Ia tidak mau kejadian perampokan hadiah perkawinan Kepala Negeri itu terjadi
lagi terhadapnya. Perjalanan menuju Rajapurwa dama sekali tidak mengalami
hambatan meski memakan waktu 4 hari lamanya.
Setiba di Rajapurwa
mereka disambut dalam upacara resmi oleh Adipati Jaira lengkap dengan
pasukannya yang ikut dalam pertempuran mengalahkan ‘perampok’ gunung Kembar. Rakyat
Rajapurwa berduyun-duyun hadir karena merasa bangga wilayahnya mendapat
pengghargaan dari Kepala Negeri. Mereka sudah diberitahu sebelumnya tentang hal
itu melalui berita dari mulut ke mulut yang diawali dari paguyuban Kapisan di
warung tempat Lugasi dan warga berkumpul.
Alun-alun di depan
Kadipaten itu terisi penuh dengan adanya pasukan pengawal dari Kotaraja,
pasukan Rajapurwa serta rakyat yang memadati sisi kiri, kanan dan depan
kadipaten. Sungguh meriah suasana hari itu. Para tamu duduk di panggung persis
di depan kadipaten dan menghadap ke alun-alun. Hadir pula disitu Gubernur
Landipa, Mateko yang membawahi kadipaten Rajapurwa.
“Saudara-saudara sekalian
warga Rajapurwa, Kepala Negeri Klapa Getir mengucapkab terimakasih atas
keberhasilan Kadipaten Rajapurwa menumpas perampok ganas Gunung Kembar. Karena
itu Kepala Negeri Sudoba berkenan menganugerahkan penghargaan kepada adipati
Rajapurwa atas keberhasilan ini,..” pidato Uyada.
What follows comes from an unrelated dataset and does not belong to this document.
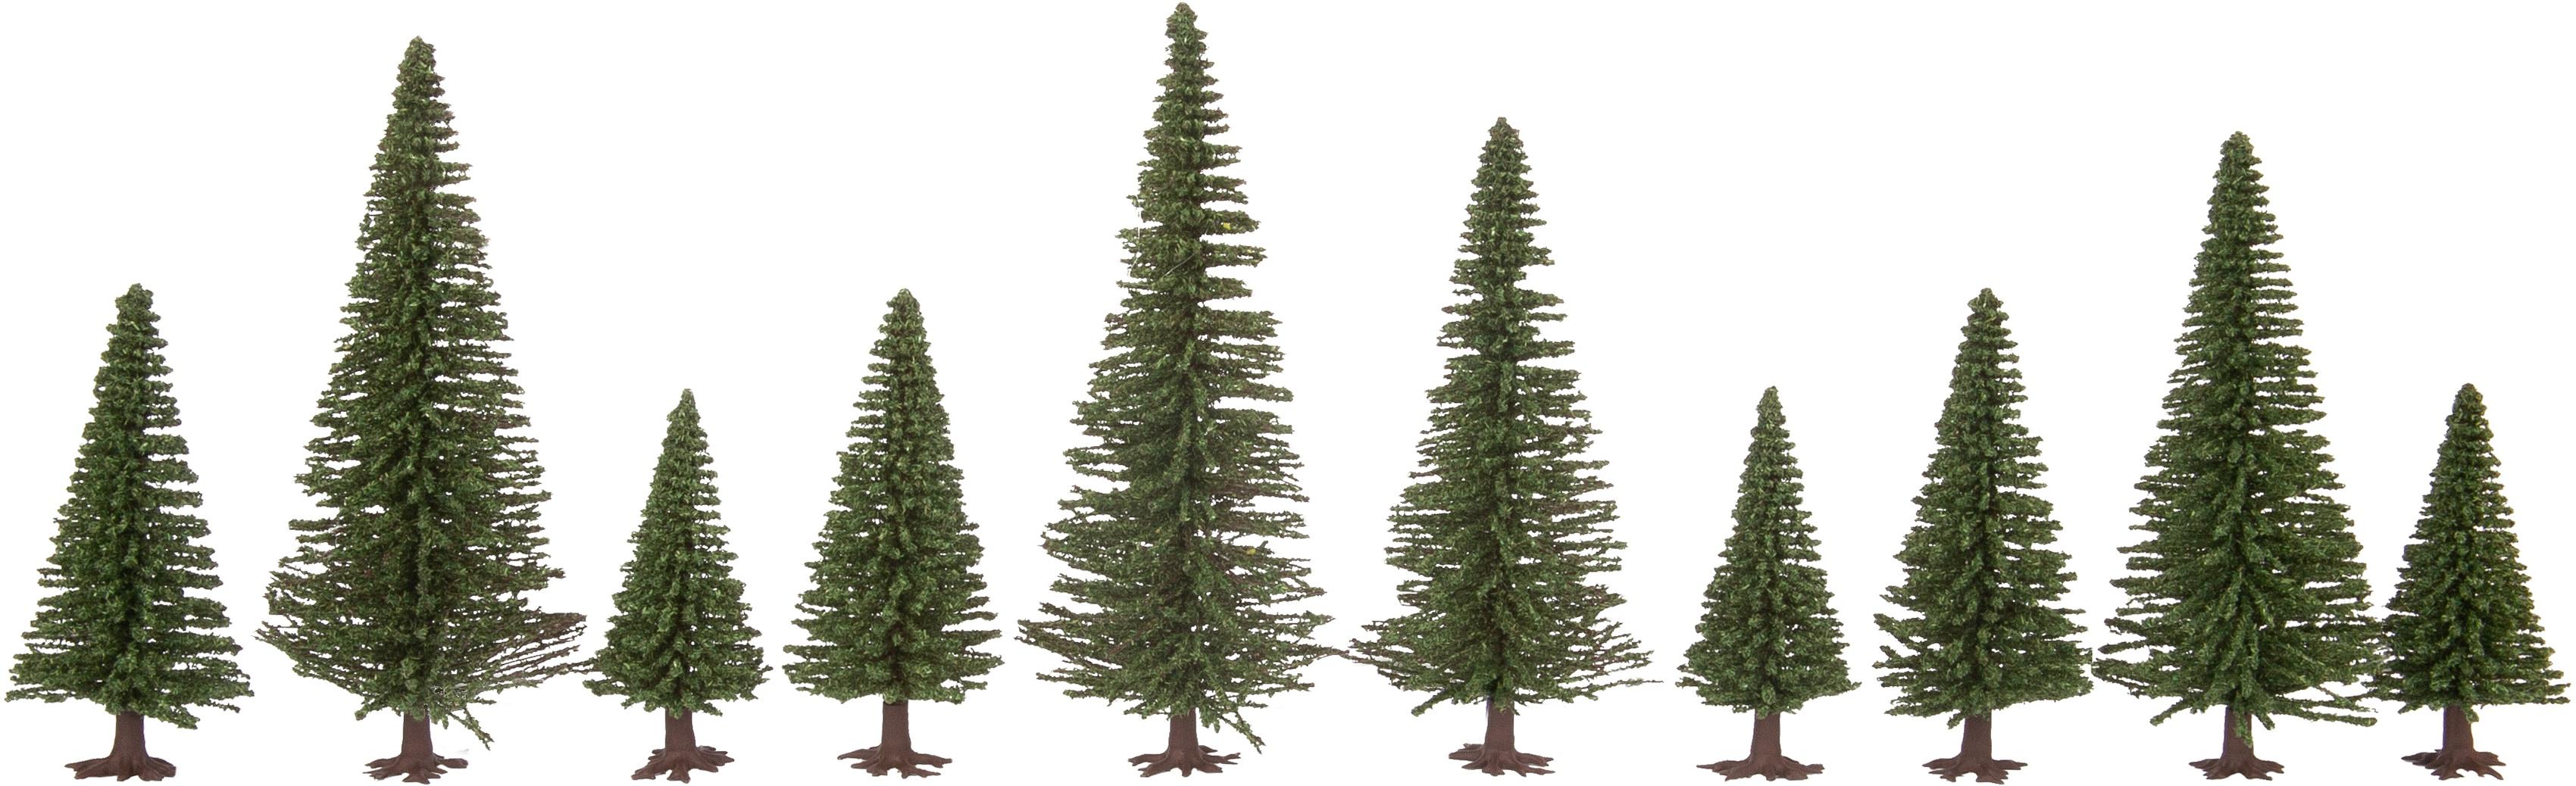 NOCH Modelleisenbahn-Baum Tannen grün Kinder Schienen Zubehör Modelleisenbahnen Autos, Eisenbahn Modellbau

“Horeeee,..!! Hidup Rajapurwa,... Hidup Adipati Jaira,..!!”
teriak warga.
“Atas nama Kepala Negeri
Klapa Getir saya menyerahkan seperangkat hadiah termasuk tuak kerajaan dalam
kendi khusus yang harus diminum sebagai tanda menerima penghargaan Kepala
Negeri ini,..” lanjut Uyada.
Uyada lalu menyerahkan
kendi tuak kerajaan dengan hikmad dan mengancungkan tinggi-tinggi ke arah warga
yang menyambutnya dengan epukan dan teriakan bangga.
“Hidup Rajapurwa,...Hidup
Adipati Jaira,..” teriak rakyat.
“Silakan dibuka dan
diminum, adipati,..!!” kata Uyada dengan nada mendesak.
Jaira memandang mata
Uyada yang tajam menusuk, jelas menuntut agar dia segera meminum tuak kerajaan
itu. Dengan tegar Jaira melambaikan sebelah tangannya meminta warga diam.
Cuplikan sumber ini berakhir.